Porch Pirates vs. Delivery Drivers, Building a Zero-Shot Video Classifier That Actually Works
How we went from 0% accuracy to 100% by throwing away action recognition and detecting state change instead.
The Problem
You have a Ring-style porch camera. It records 24/7. You want to know two things:
- Delivery: Someone placed a package on my porch.
- Theft: Someone took a package from my porch.
Sounds simple. It isn’t. The visual difference between “placing a package down” and “picking a package up” in any given video frame is essentially zero. A person bent over a box on a porch looks the same whether they’re dropping it off or stealing it. Every model we tried got this wrong — until we stopped trying to recognize actions and started detecting state change.
This post walks through the full journey: what we tried, why it failed, the insight that fixed it, and where the approach breaks down.
Table of Contents
- From Stream to Clip: The Upstream Problem
- Attempt 1: V-JEPA2 — Supervised Action Classes
- Attempt 2: X-CLIP — Zero-Shot Video-Text Matching
- The Insight: State Change, Not Action Recognition
- The Working System: Two-Tier State-Change Detection
- Test Results
- Where This Breaks Down & What Comes Next
1. From Stream to Clip: The Upstream Problem
Before any classifier sees a frame, something has to decide when to look. A porch camera generates ~2.5 million frames per day at 30fps. You can’t run a vision-language model on every one of them.
The production architecture for Project Argus uses a two-stage pipeline:
Stage 1: Motion Detection + Lightweight Object Detection
The camera’s continuous RTSP stream feeds into a circular buffer (last 10 seconds at 30fps = 300 frames). A lightweight edge model runs on every frame:
RTSP Stream
|
v
[Frame Buffer: 300 frames, circular]
|
v
[Stage 1: YOLO-NAS / MobileNet-SSD] <-- runs on every frame, ~5ms/frame
|
+-- No person detected --> discard, keep buffering
|
+-- Person detected on porch -->
|
v
[Wait for person to exit frame or N seconds timeout]
|
v
[Extract the buffered clip]
|
v
[Stage 2: Video Classifier] <-- runs on ~10sec clips, ~7s/clip
Why buffer before the trigger? Because by the time you detect a person, they may already be mid-action. The circular buffer ensures you have the 5-10 seconds of footage leading up to the detection, which often contains the critical “before” state (empty porch vs. package already there).
What makes a good clip? The classifier needs to see a state transition. The ideal clip:
- Starts with the “before” state (empty porch or package on porch)
- Shows a person interacting with the scene
- Ends with the “after” state (package on porch or empty porch)
A 10-second window around the person-detection trigger typically captures this. If the person is on-screen for longer, you can take the first and last 2-3 seconds and skip the middle — the classifier only cares about the endpoints.
Stage 1 Model Choices
| Model | Size | Speed (M3) | Notes |
|---|---|---|---|
| YOLO-NAS Nano | 3.5M params | ~3ms/frame | Best accuracy/speed ratio for edge |
| MobileNet-SSD v2 | 4.3M params | ~5ms/frame | Solid fallback, well-supported |
| YOLO11n | 2.6M params | ~2ms/frame | Ultralytics, easiest to deploy |
The key constraint: Stage 1 must be fast enough to run on every frame and sensitive enough to never miss a person. False positives are fine (the classifier will reject them).
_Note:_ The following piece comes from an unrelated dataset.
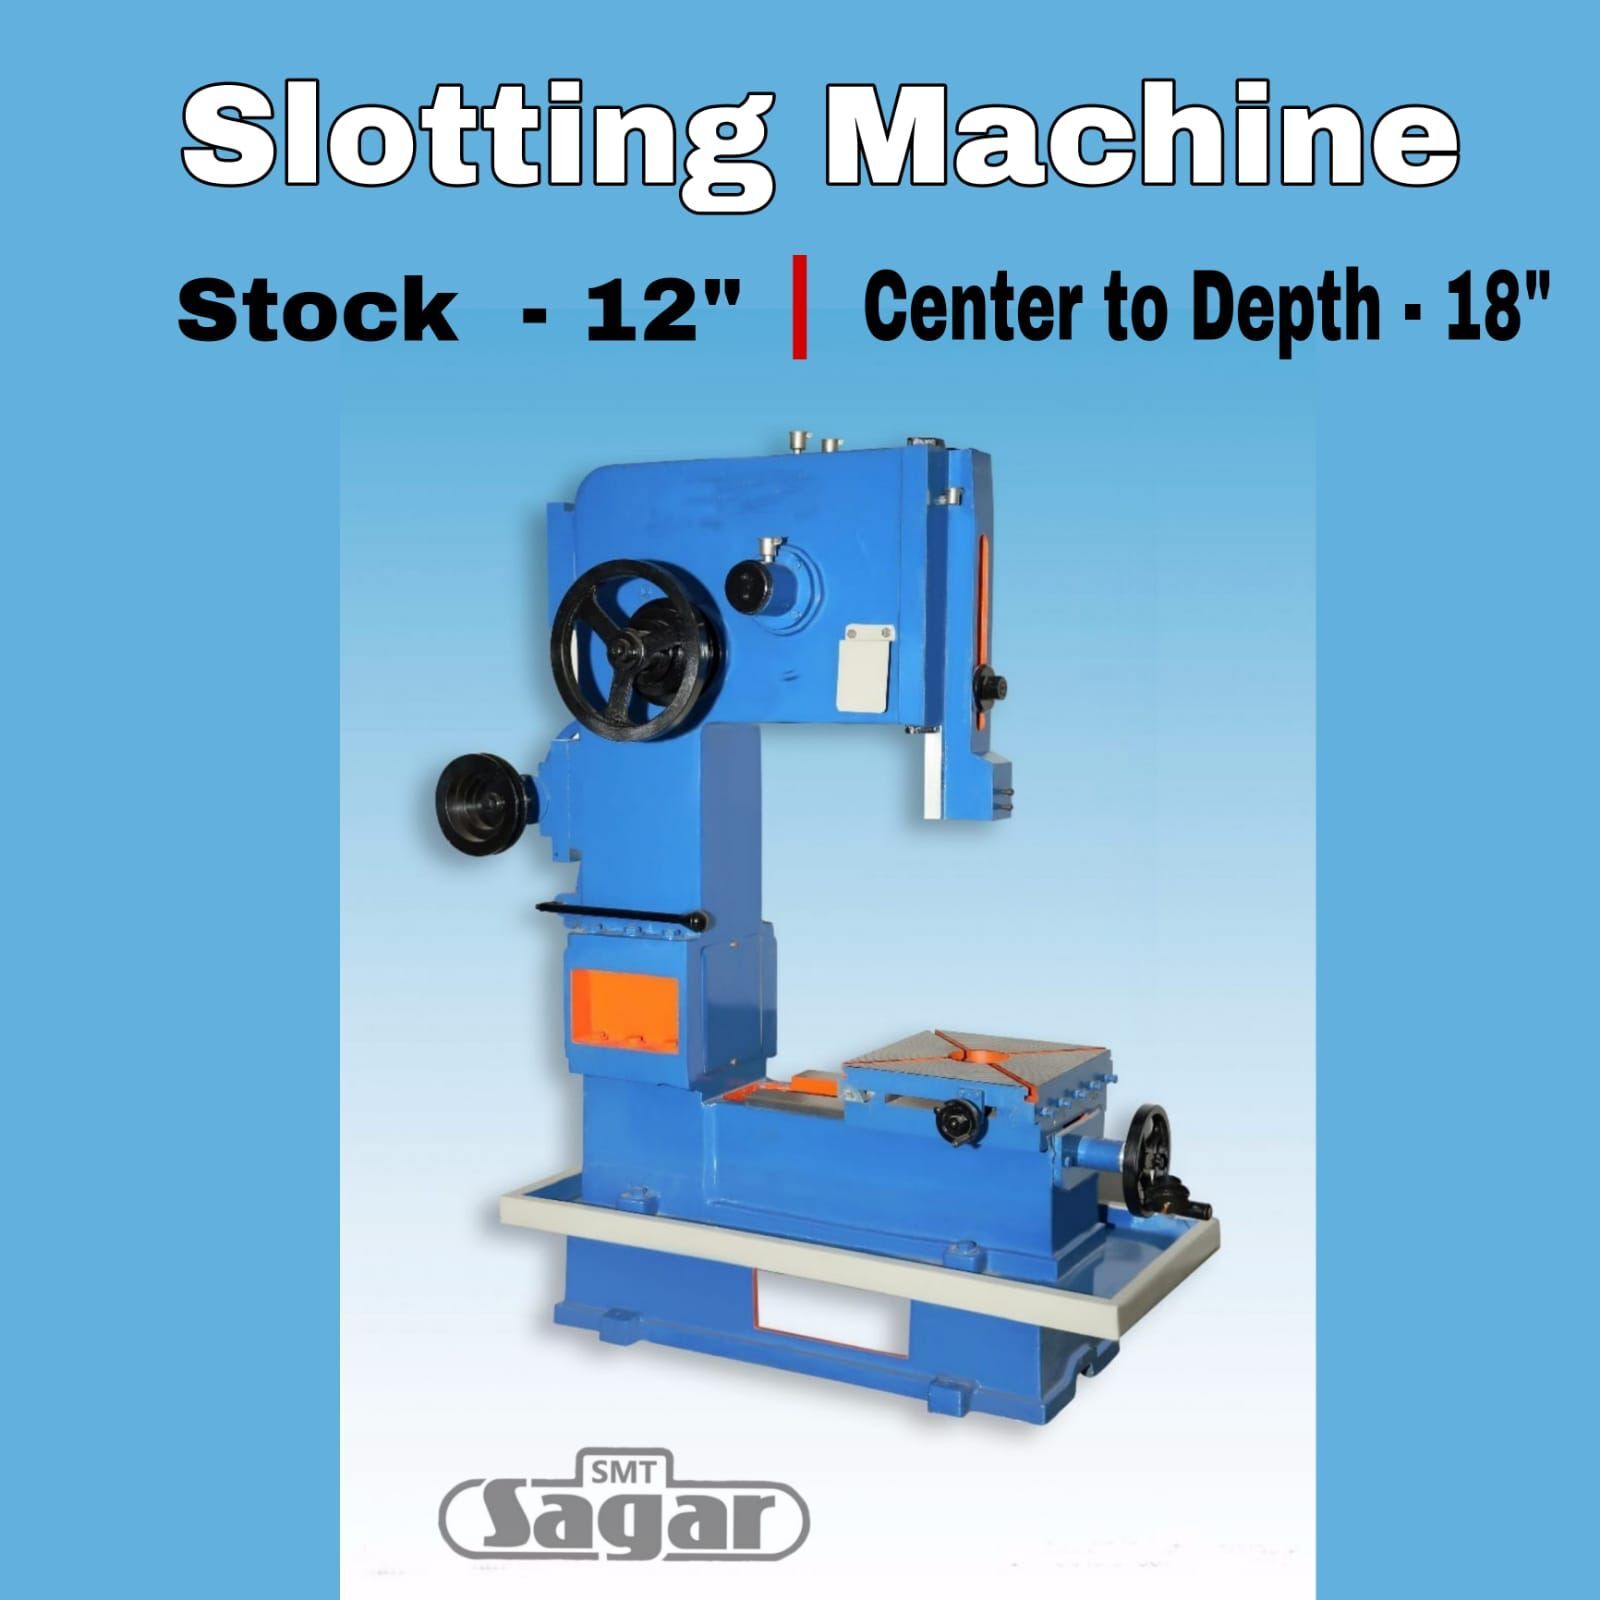 Slotting Machine

False negatives mean missed thefts.
For the rest of this post, we assume Stage 1 has done its job and handed us a 10-second clip to classify.
2. Attempt 1: V-JEPA2 — Supervised Action Classes
Our first attempt used Meta’s V-JEPA2, a state-of-the-art video understanding model.
The Idea
V-JEPA2 (facebook/vjepa2-vitg-fpc64-384-ssv2) is a ViT-Giant model fine-tuned on Something-Something v2 (SSv2), a dataset of 174 fine-grained temporal action classes like “Putting something onto something” and “Taking something from somewhere.” The plan: classify the video into SSv2 classes, then map keywords to security actions.
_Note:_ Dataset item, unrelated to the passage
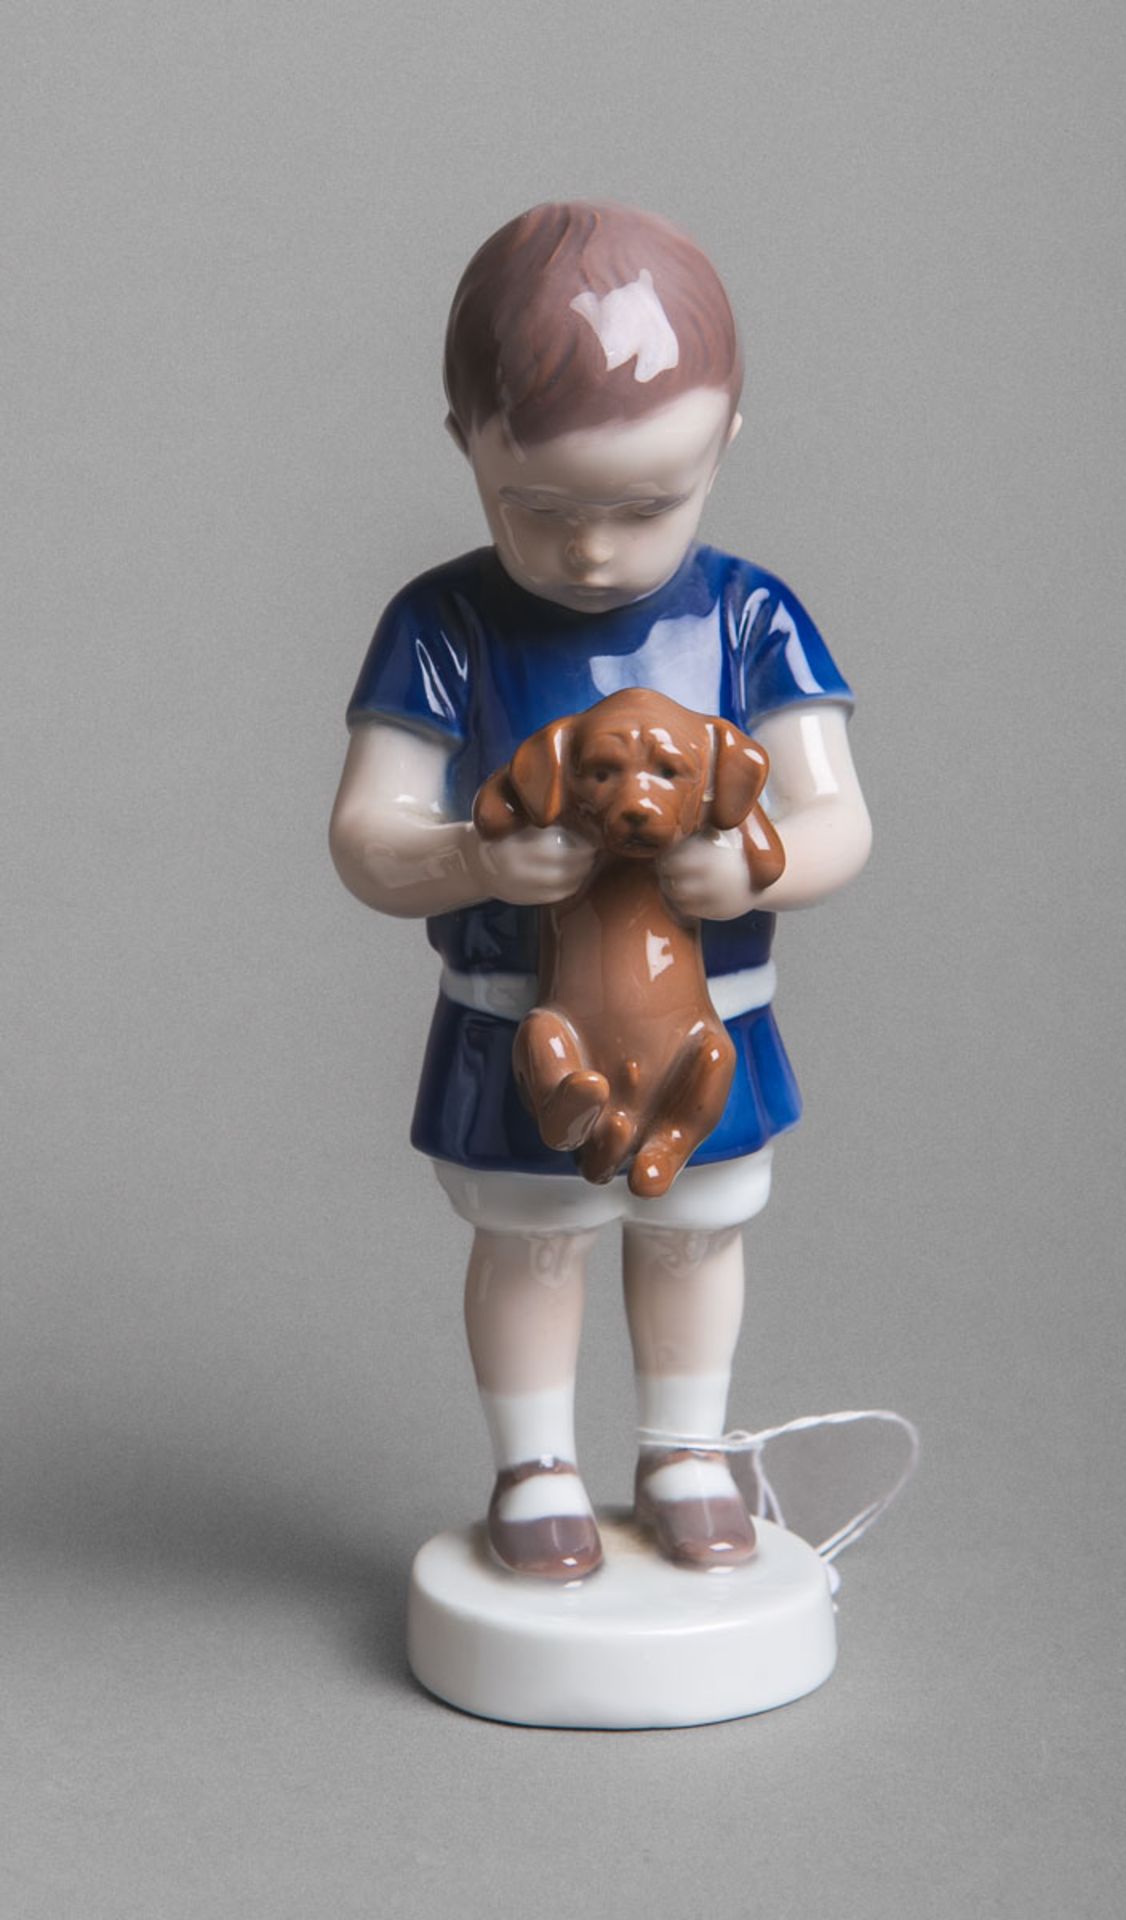 Porzellanfigur "Junge mit Hund" (B u. G, Copenhagen)

# The V-JEPA2 approach (simplified)
MODEL = AutoModelForVideoClassification.from_pretrained(
"facebook/vjepa2-vitg-fpc64-384-ssv2",
torch_dtype=torch.float16,
).eval().to(device)
# ... run inference, get predicted SSv2 class label ...
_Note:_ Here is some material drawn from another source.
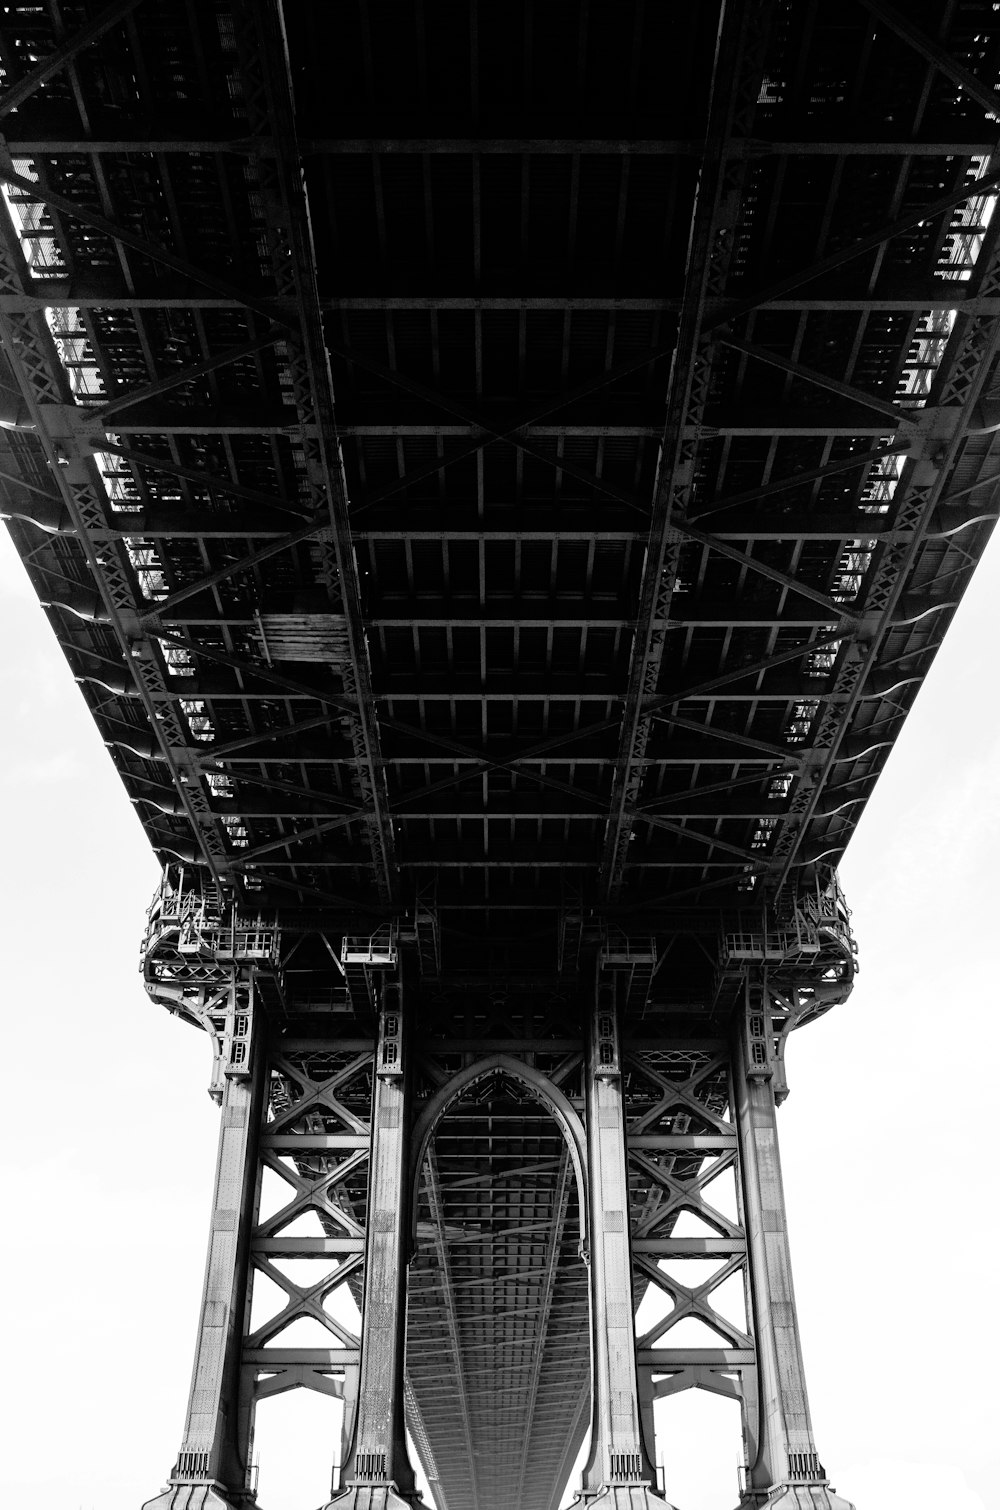 Fotografía en escala de grises de un puente colgante

predicted_label = MODEL.config.id2label[predicted_idx].lower()
# Brittle keyword mapping
if "putting" in predicted_label or "dropping" in predicted_label:
print("=> Delivery Detected")
elif "taking" in predicted_label or "picking" in predicted_label:
print("=> Theft Detected")
Why It Failed
Problem 1: The model is enormous. ViT-Giant has over 1 billion parameters. On an M3 MacBook with MPS, it barely fits in memory, inference is slow, and FP16 on MPS produces numerical garbage. This isn’t an edge-deployable model.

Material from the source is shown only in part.